Dean, whose most recent book is titled Worse Than Watergate: The Secret Presidency of George W. Bush, also asserted that an unprecedented level of authority has been concentrated in the office of Vice President Richard B. Cheney.
“Decisions that used to go into the president’s office now go into the vice president’s office and don’t go any further.” Cheney acts as “a super chief of staff who is president in all but name,” Dean claimed. “But the problem is Cheney doesn’t answer any questions. He only has to answer to George Bush.”
During the question and answer period, one Wooster student drew laughter from both Dean and the crowd by asking why “your Independent Study is missing from the library’s special collections.”

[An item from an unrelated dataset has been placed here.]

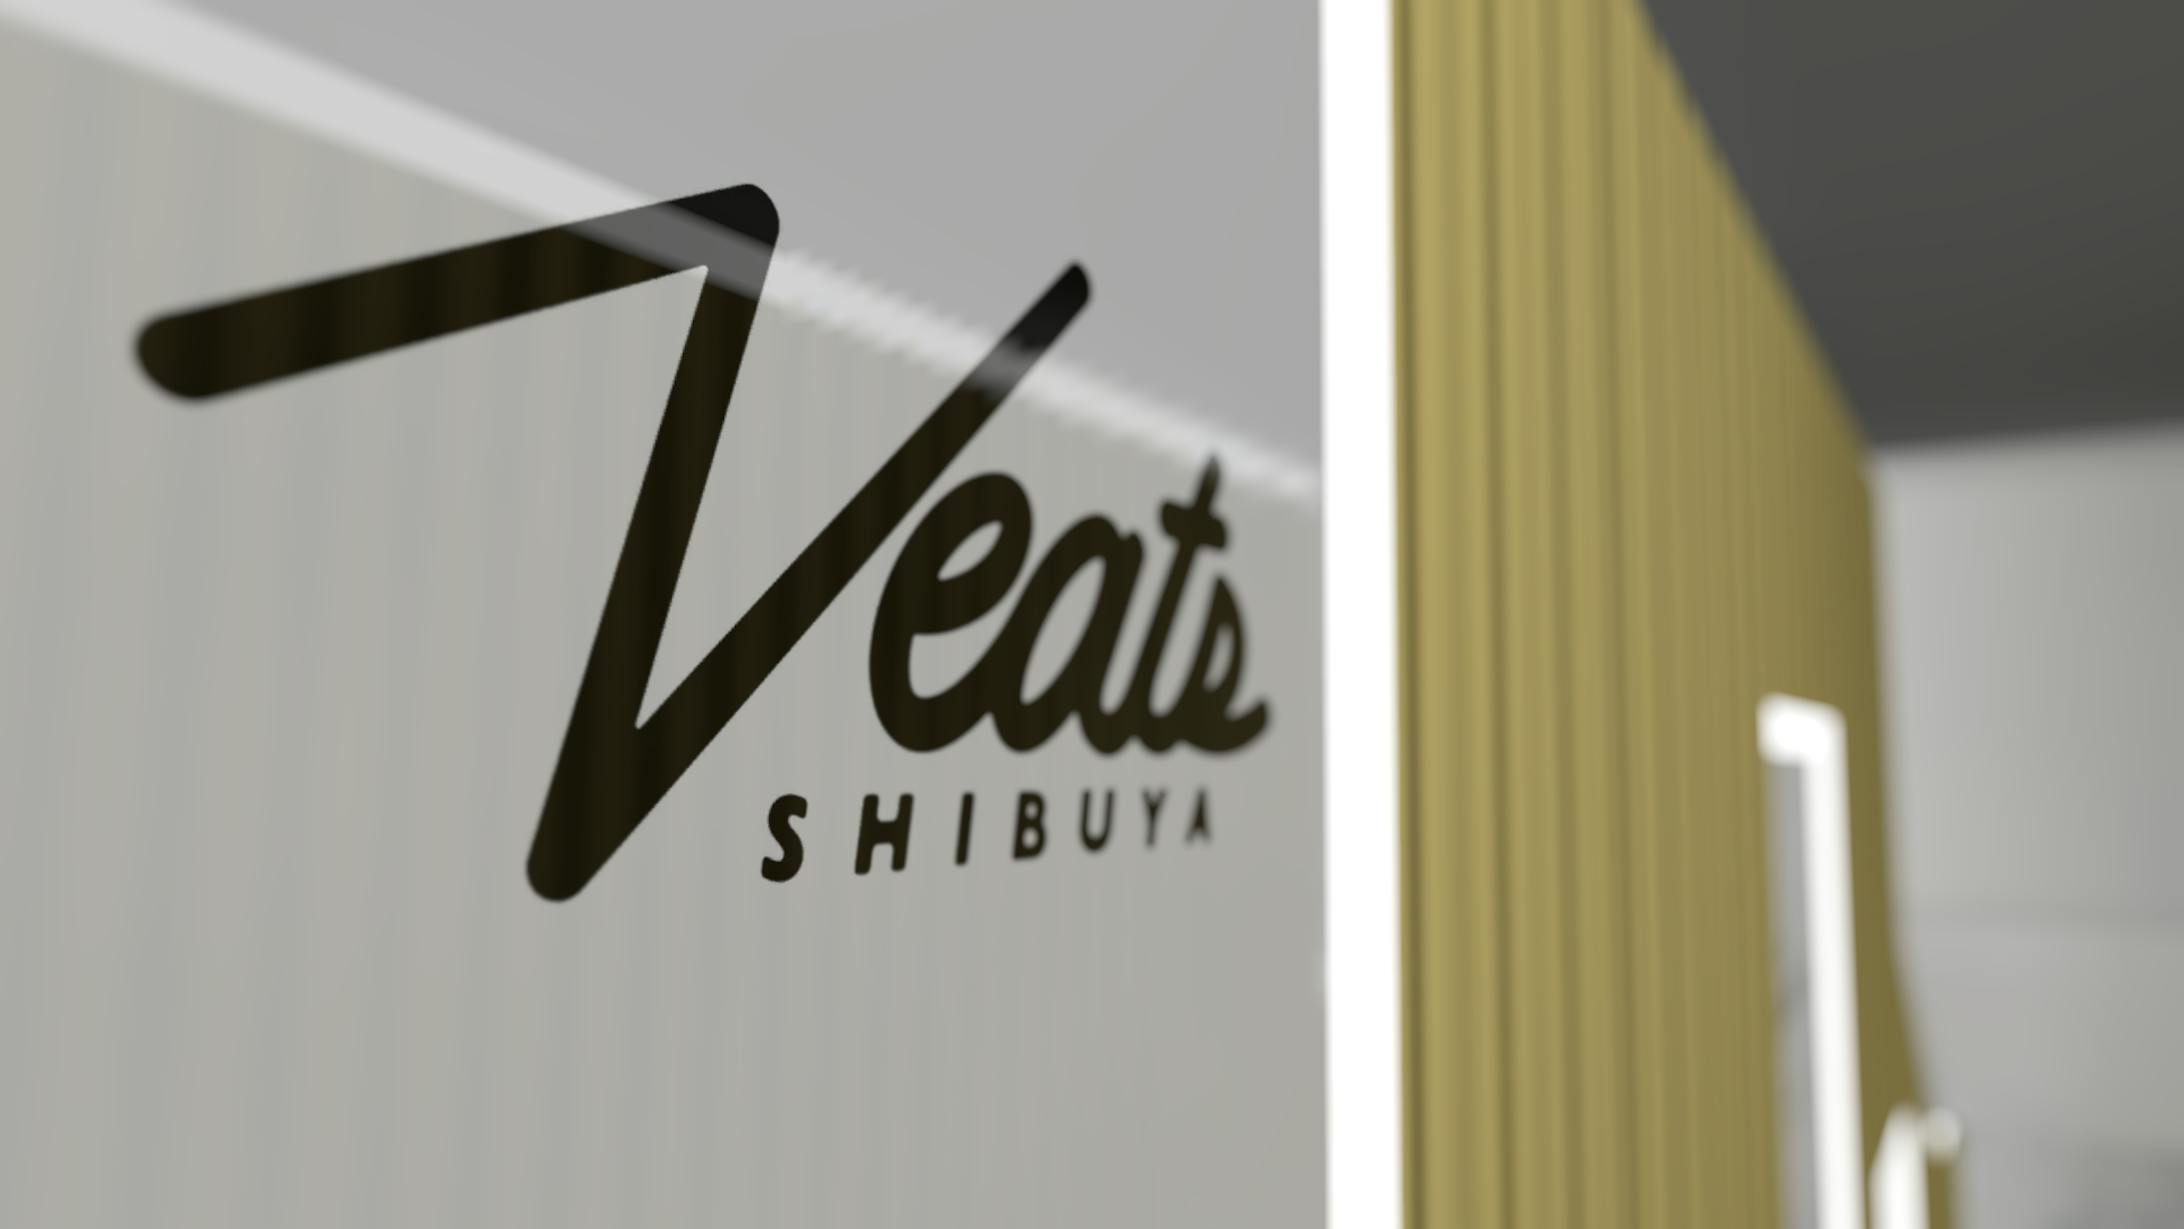  Veats SHIBUYA VRライブ-1
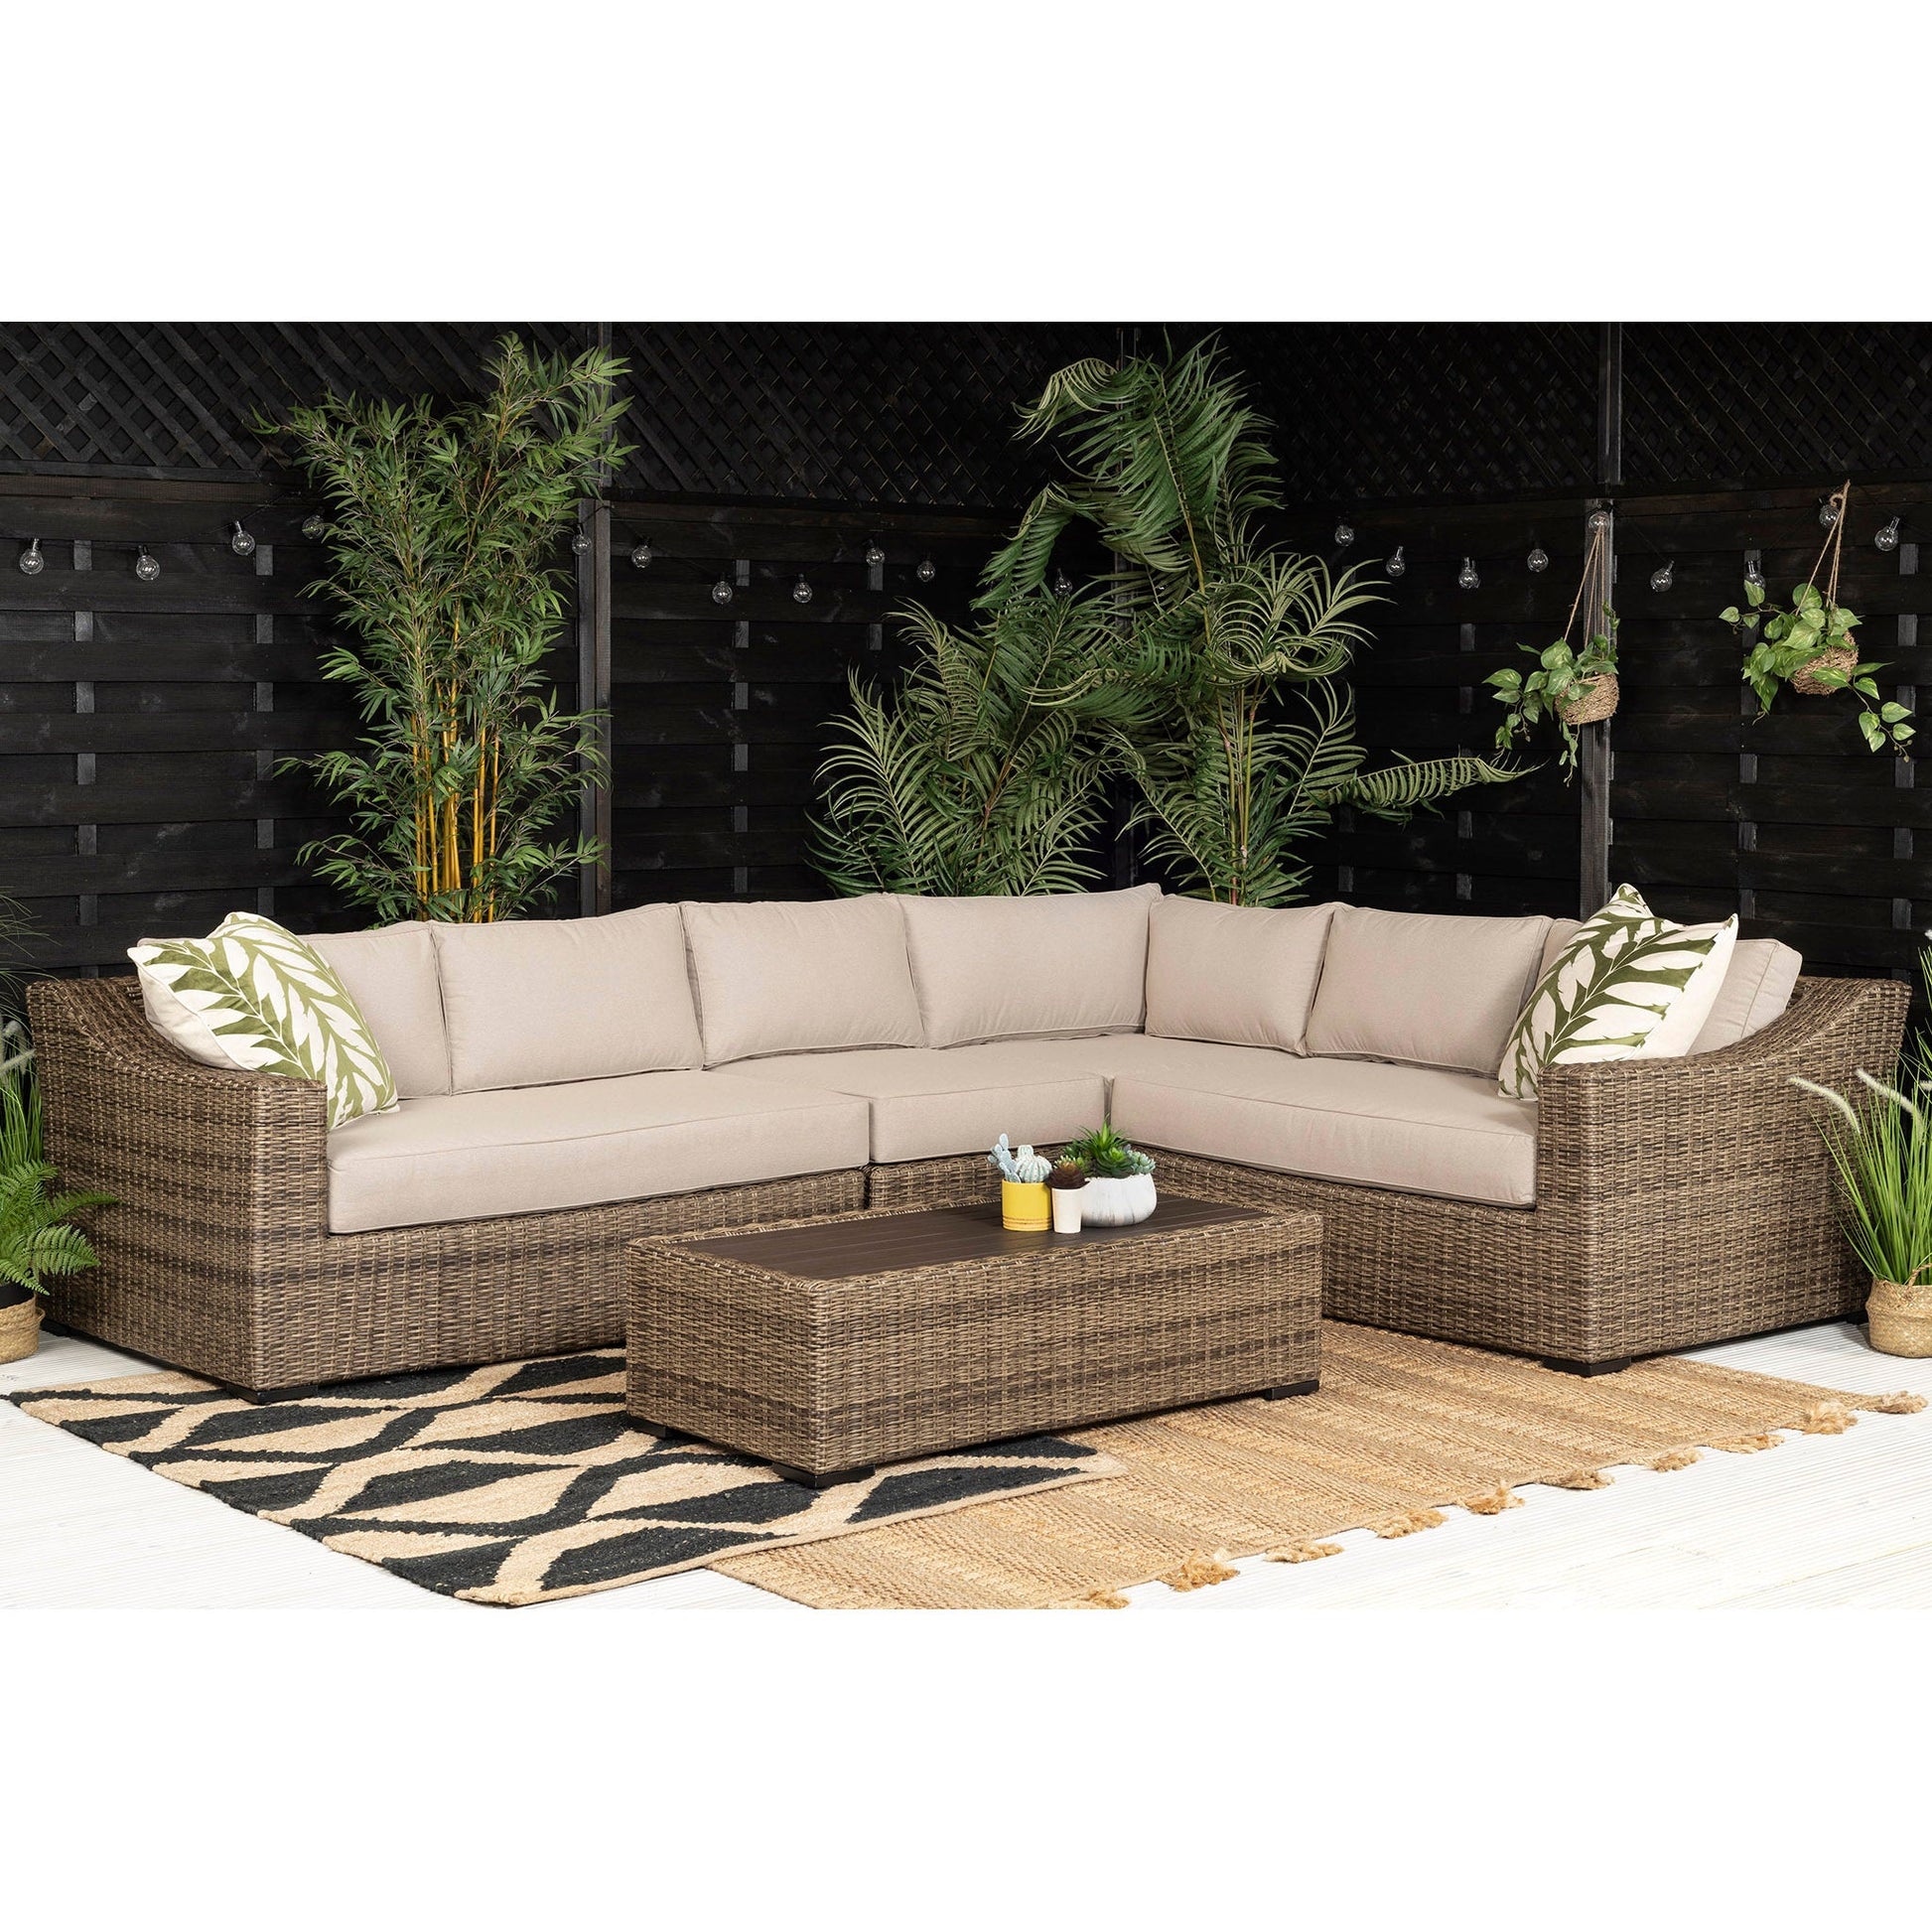 Hall Extra Large Modular Corner Sofa with Coffee Table in Brown Rattan - Italiancityfurniture

Dean, a 1961 graduate of the college who double majored in English and political science, explained that John Baker, the adviser for his I.S., “Verisimilitude in the Political Novel,” later became head counsel for the National Council of Churches in Washington. One day, when Dean was serving as White House counsel, their paths crossed.
“John looked at me and said, ‘You know, I never liked your Independent Study,’” Dean recalled. “I think that’s what happened to it.”